- **Work task**: Set down all of the data that follows word for word, without the images.

- **Collected data**:
- Opening Delimiter -
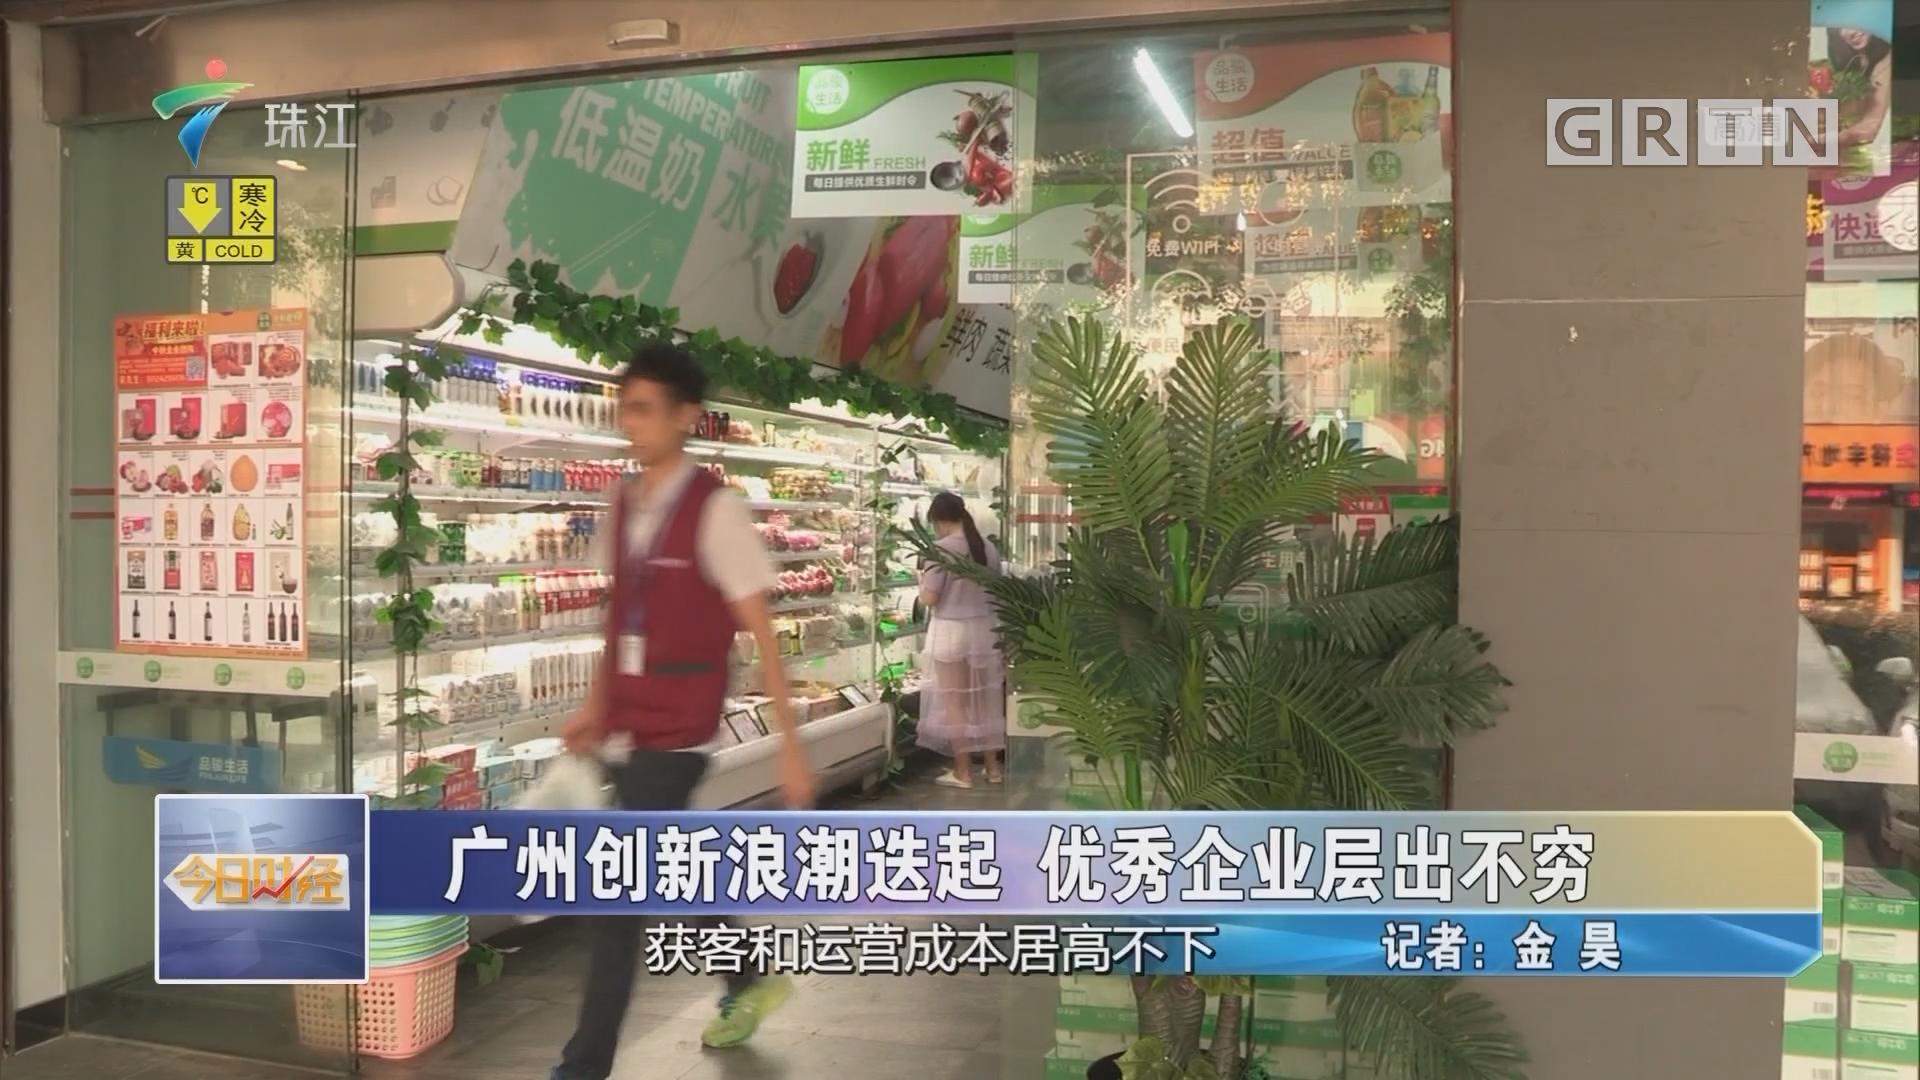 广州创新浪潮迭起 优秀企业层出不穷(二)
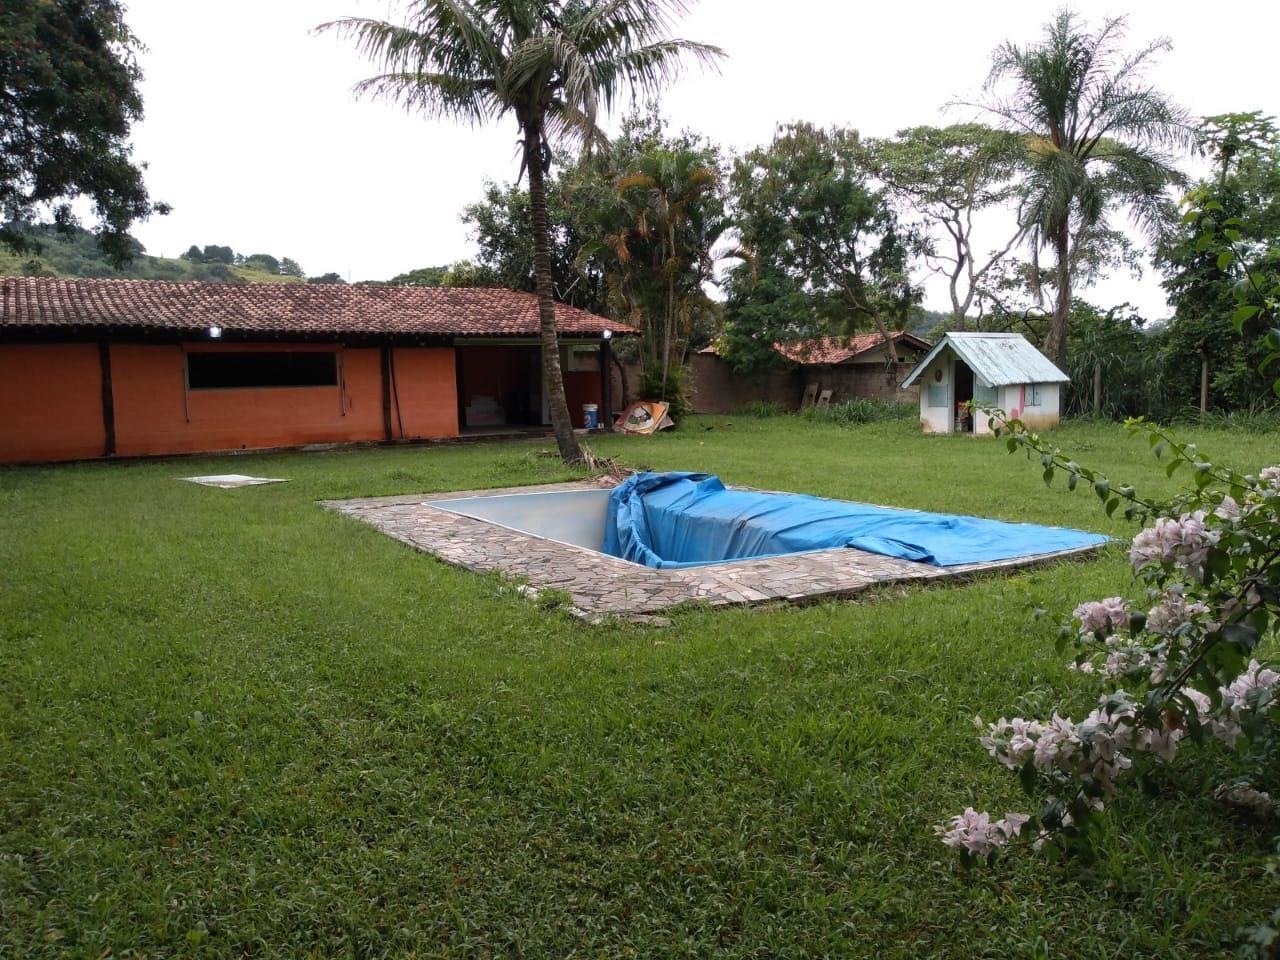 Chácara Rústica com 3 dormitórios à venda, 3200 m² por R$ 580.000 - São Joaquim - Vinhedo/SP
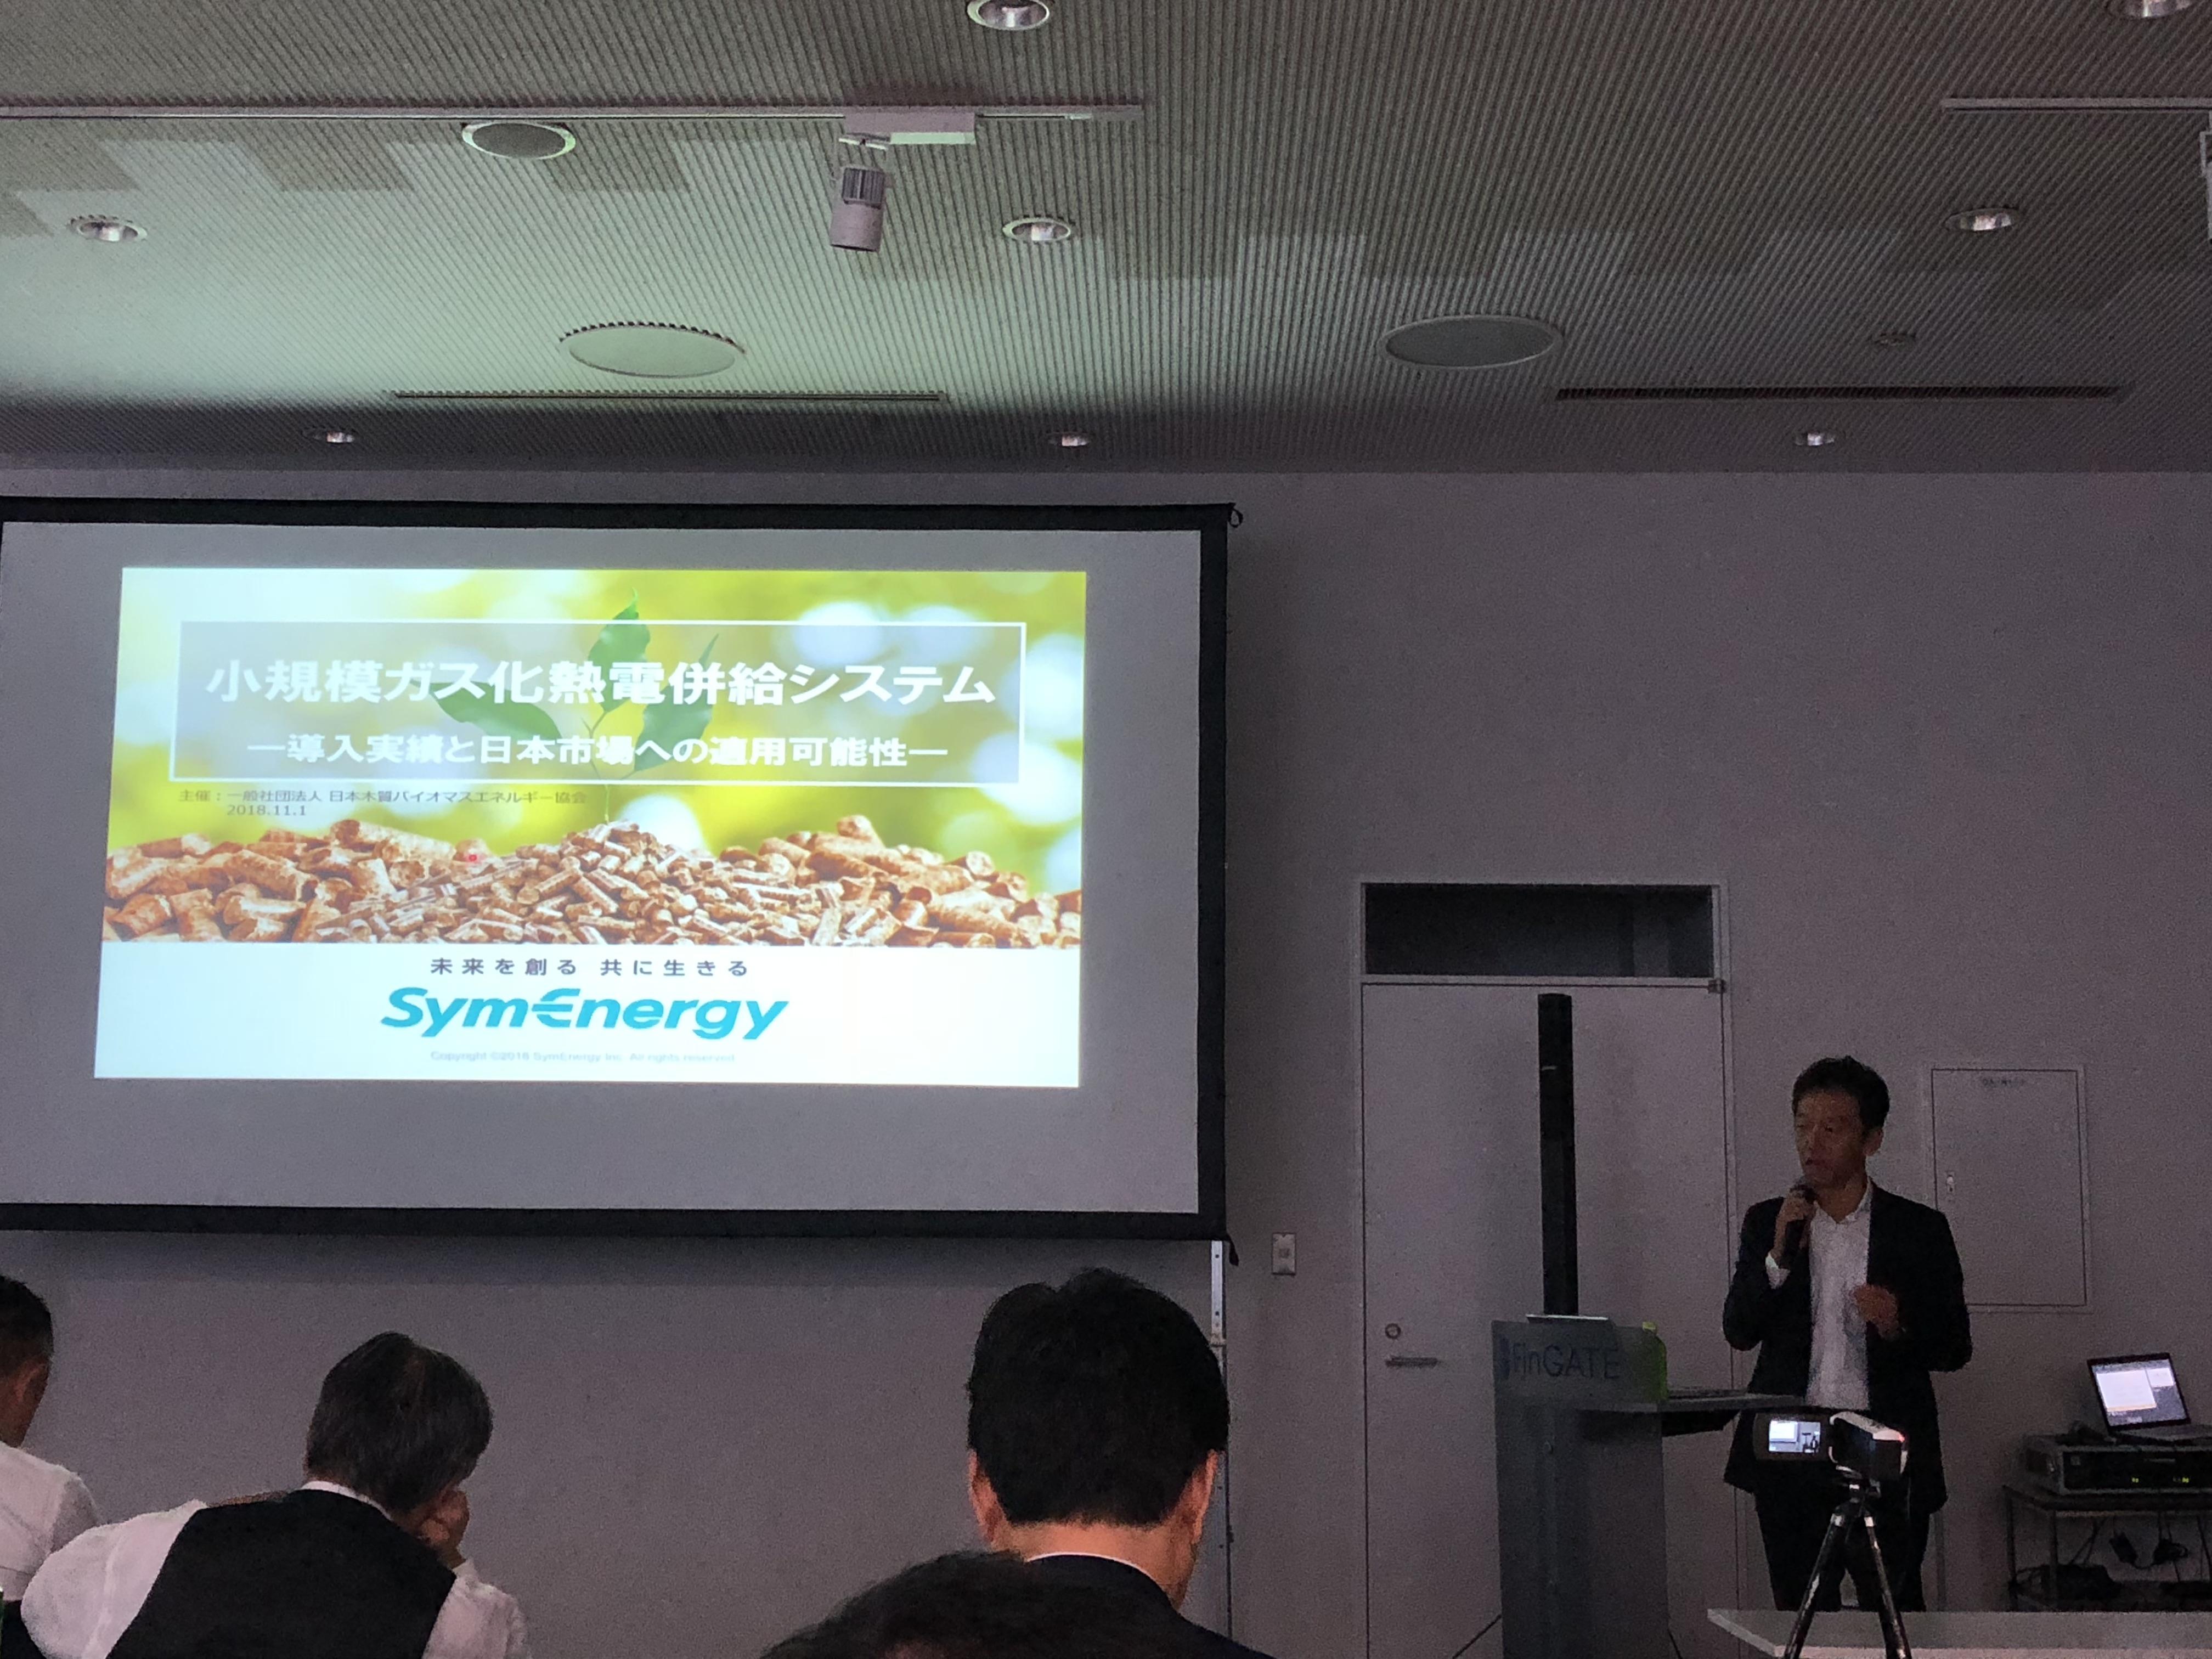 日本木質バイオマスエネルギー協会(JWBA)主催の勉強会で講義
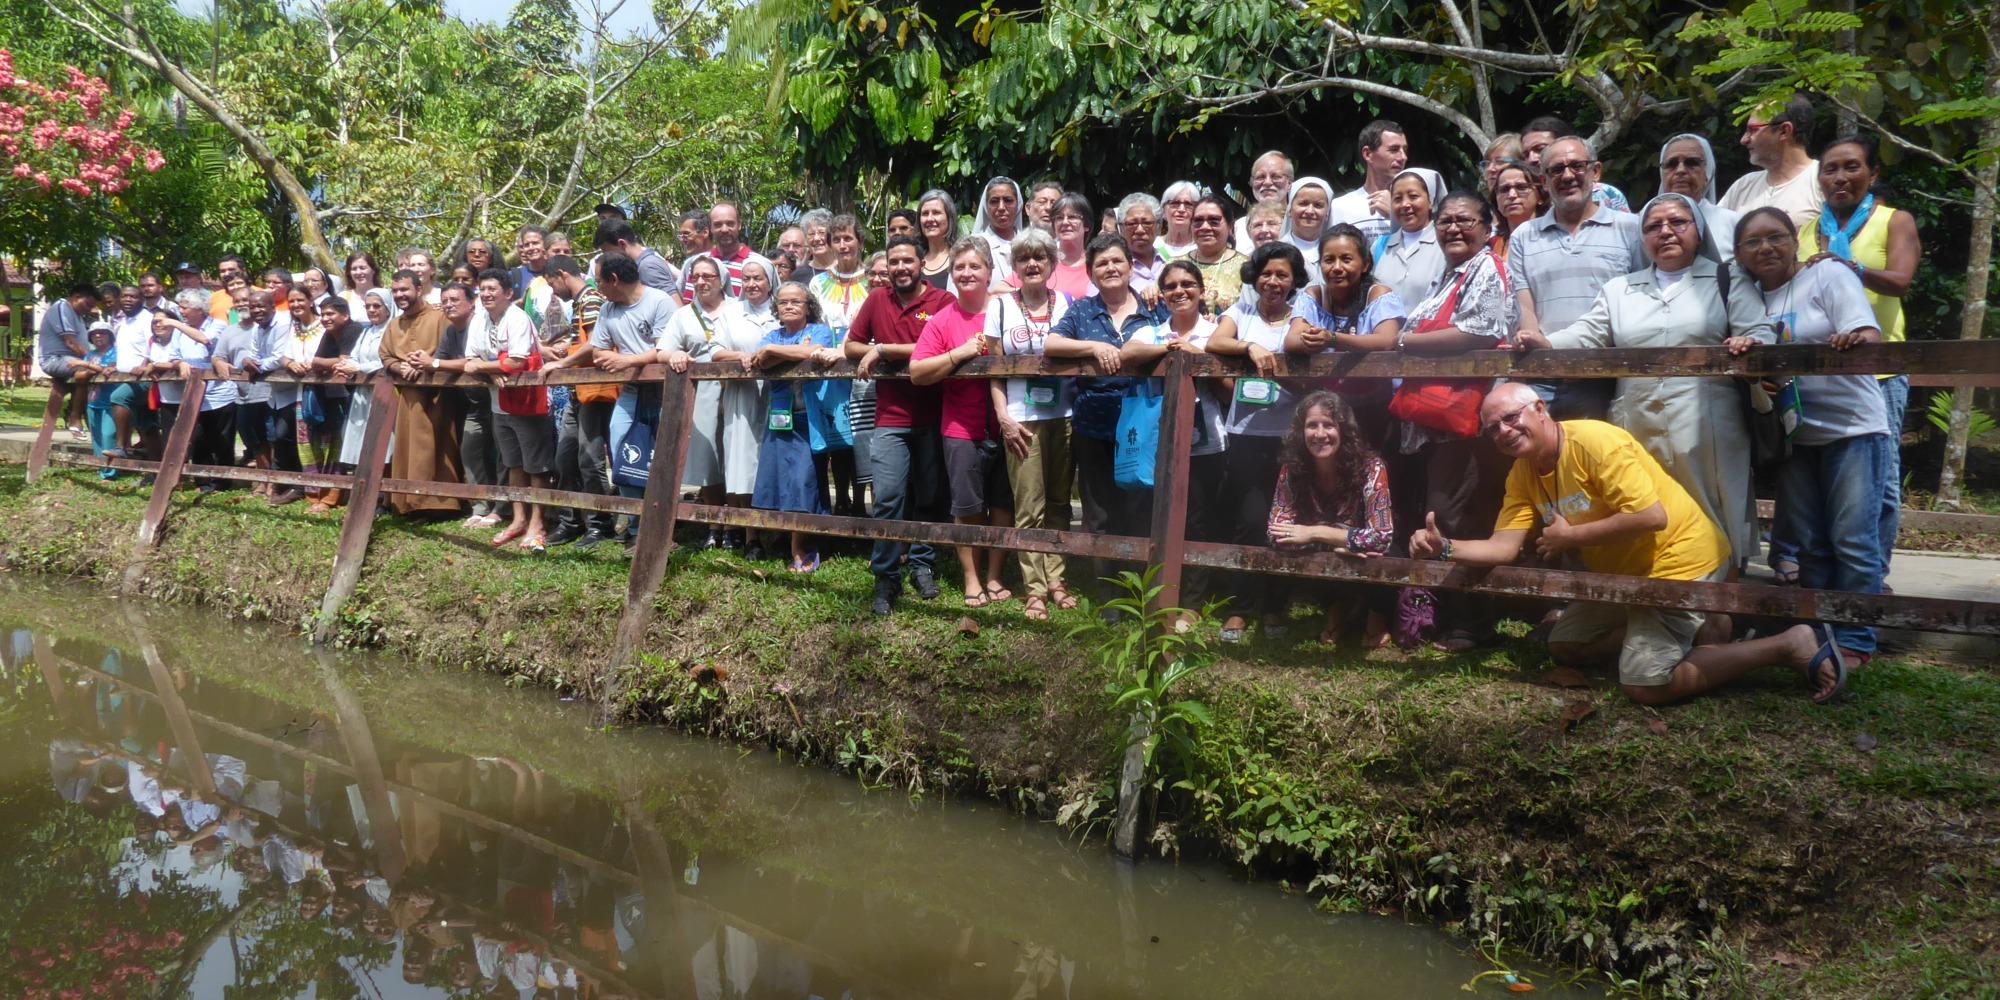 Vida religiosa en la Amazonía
- Closing Delimiter -
- **Answer section**:
 广州创新浪潮迭起 优秀企业层出不穷(二)
 Chácara Rústica com 3 dormitórios à venda, 3200 m² por R$ 580.000 - São Joaquim - Vinhedo/SP
 日本木質バイオマスエネルギー協会(JWBA)主催の勉強会で講義
 Vida religiosa en la Amazonía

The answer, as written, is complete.